#### [Problem to solve]
What should be copied is the stretch of entries below from the line with "DOUBLJU Comfort Princess" up to and including the line with "LKW Auto Truck", exactly and without images.

[Source material Boundary: Start]

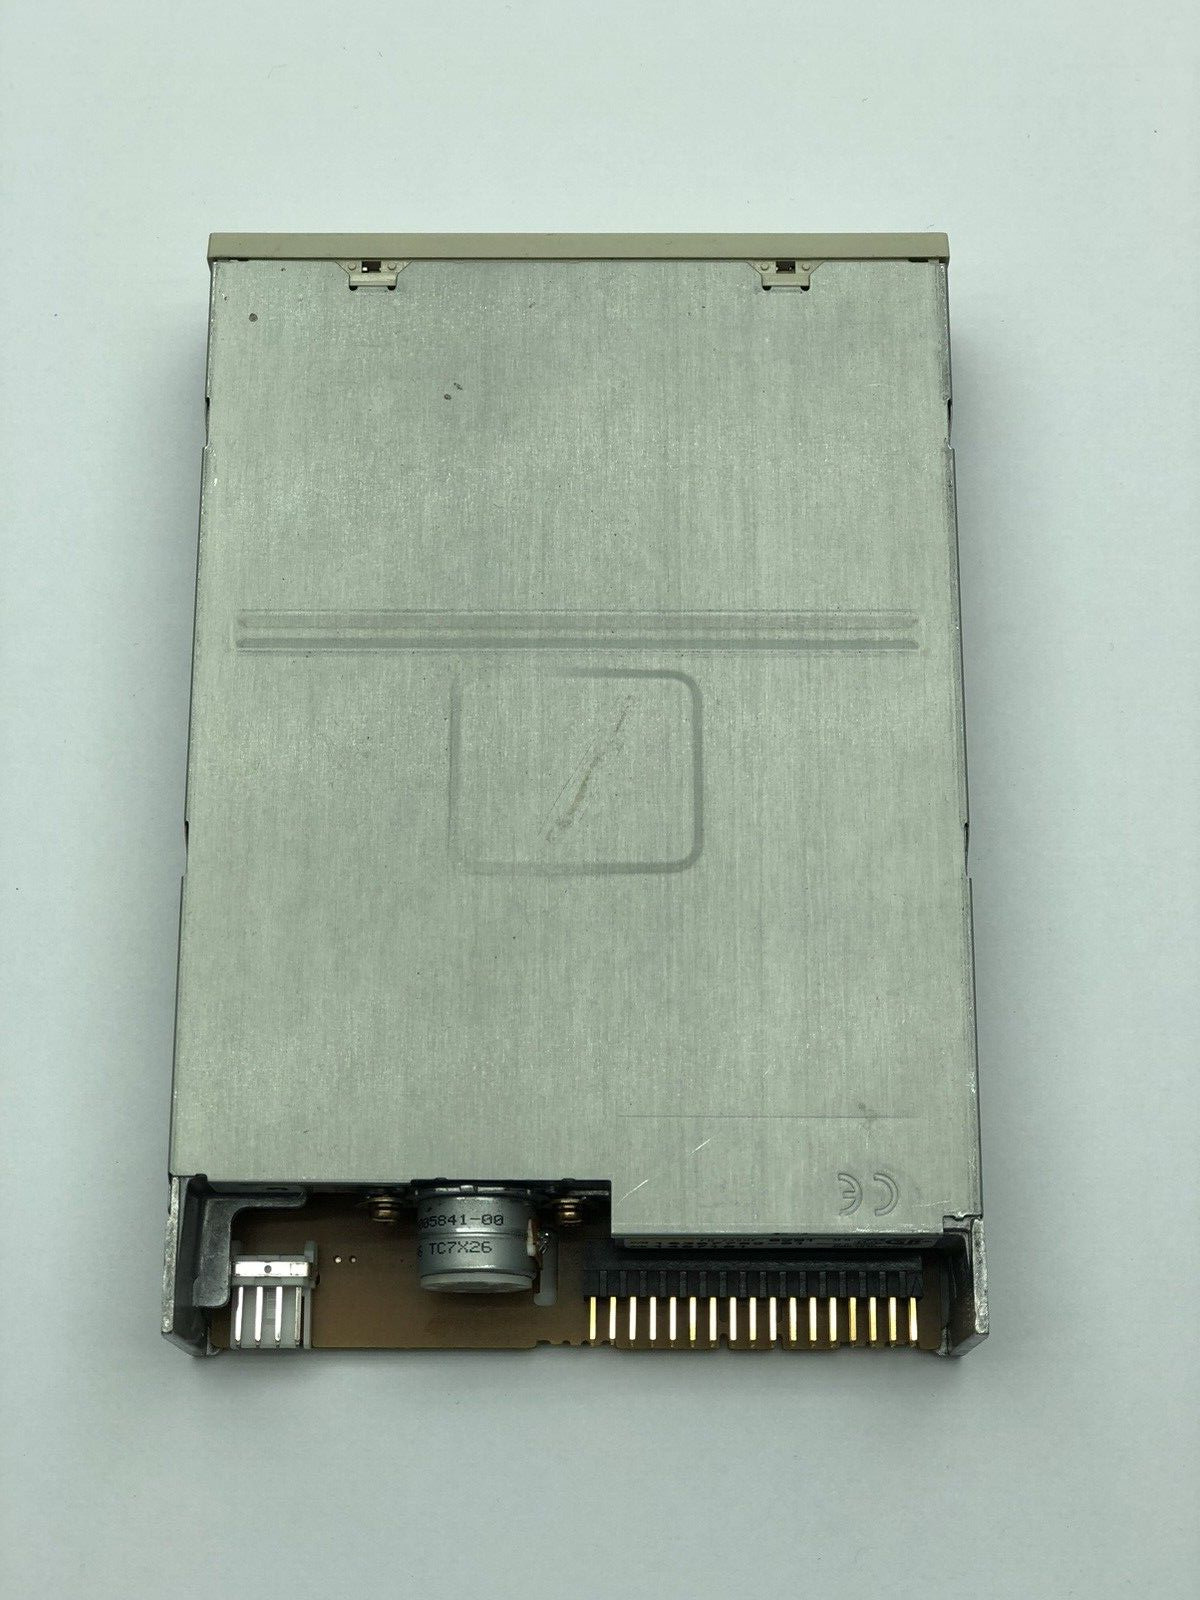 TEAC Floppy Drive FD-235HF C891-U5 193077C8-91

[Source material Boundary: End]
[Source material Boundary: Start]

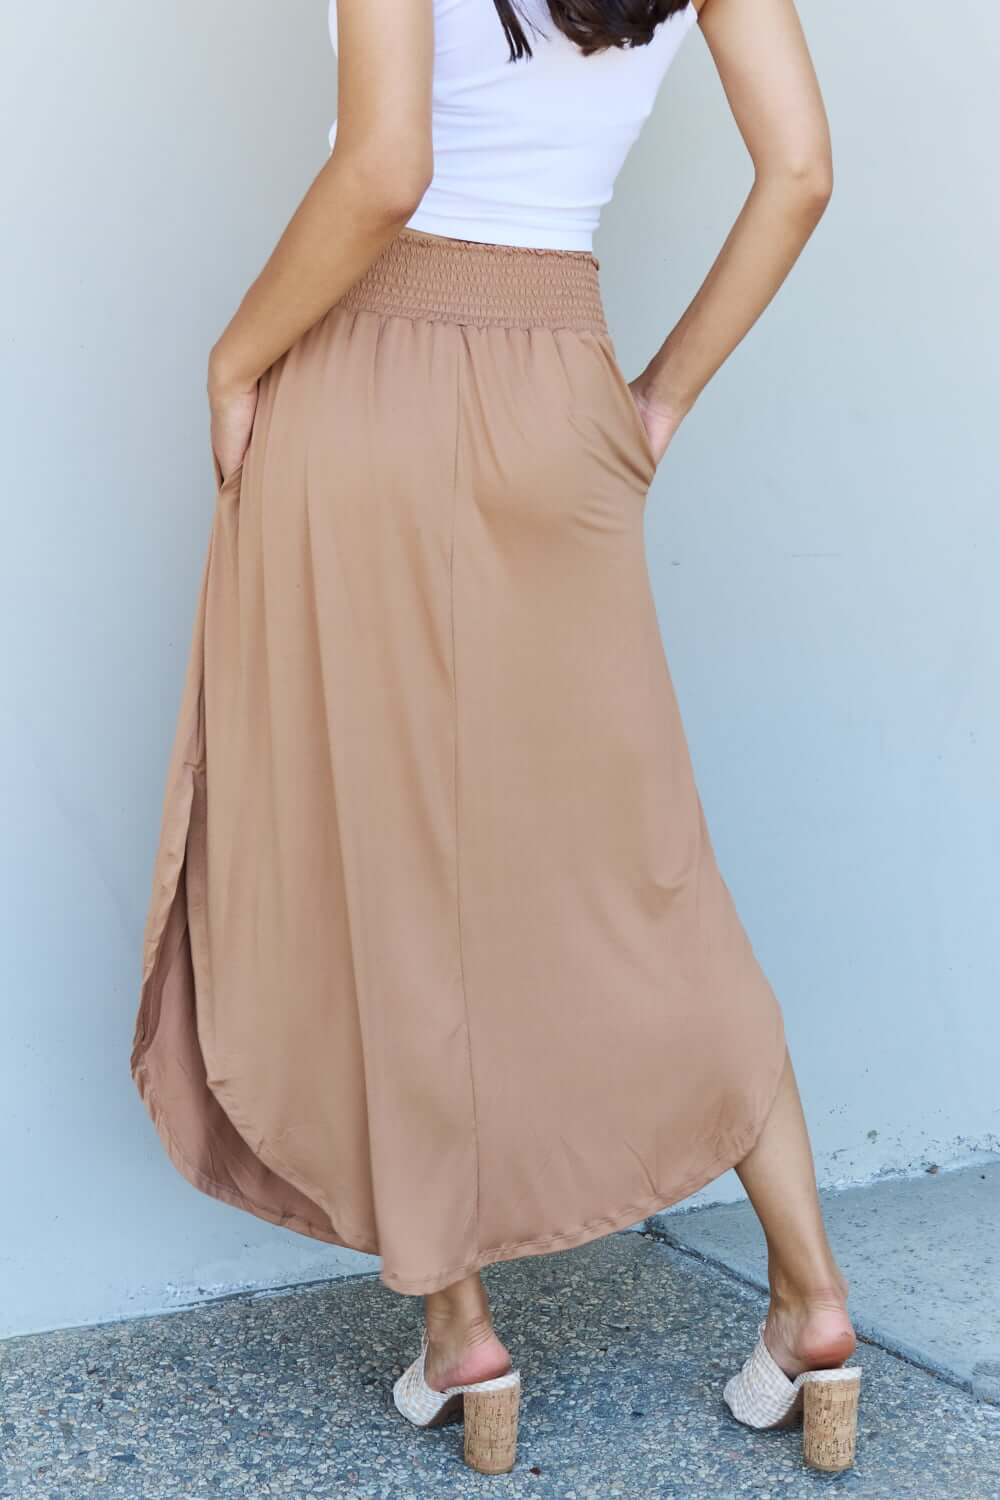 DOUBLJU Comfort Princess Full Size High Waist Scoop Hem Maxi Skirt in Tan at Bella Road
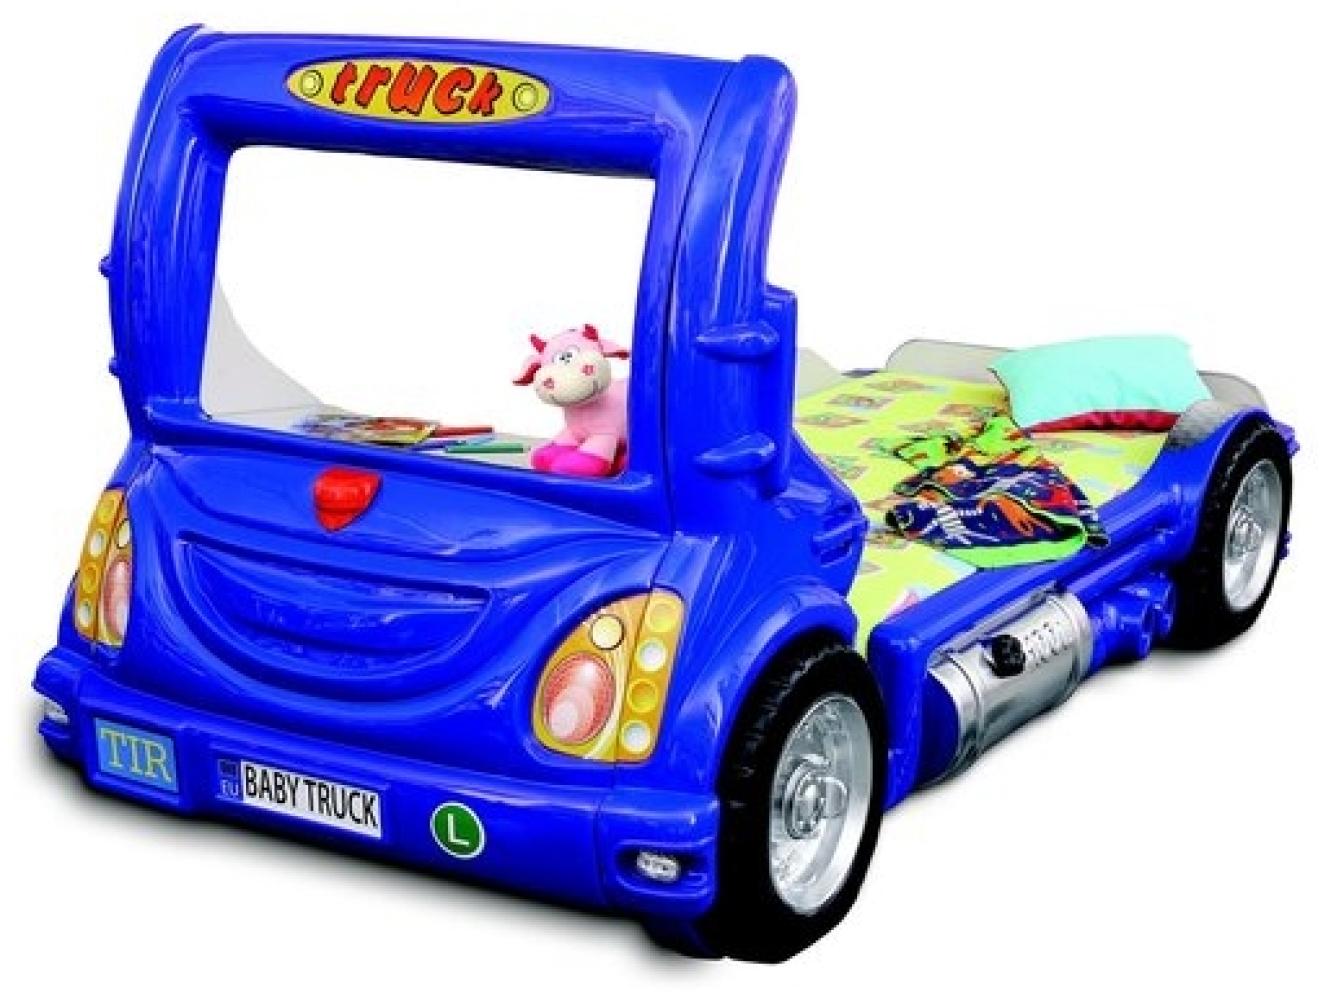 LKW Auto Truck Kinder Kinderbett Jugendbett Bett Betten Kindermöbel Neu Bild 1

[Source material Boundary: End]

#### [Exercise response]
 DOUBLJU Comfort Princess Full Size High Waist Scoop Hem Maxi Skirt in Tan at Bella Road
 LKW Auto Truck Kinder Kinderbett Jugendbett Bett Betten Kindermöbel Neu Bild 1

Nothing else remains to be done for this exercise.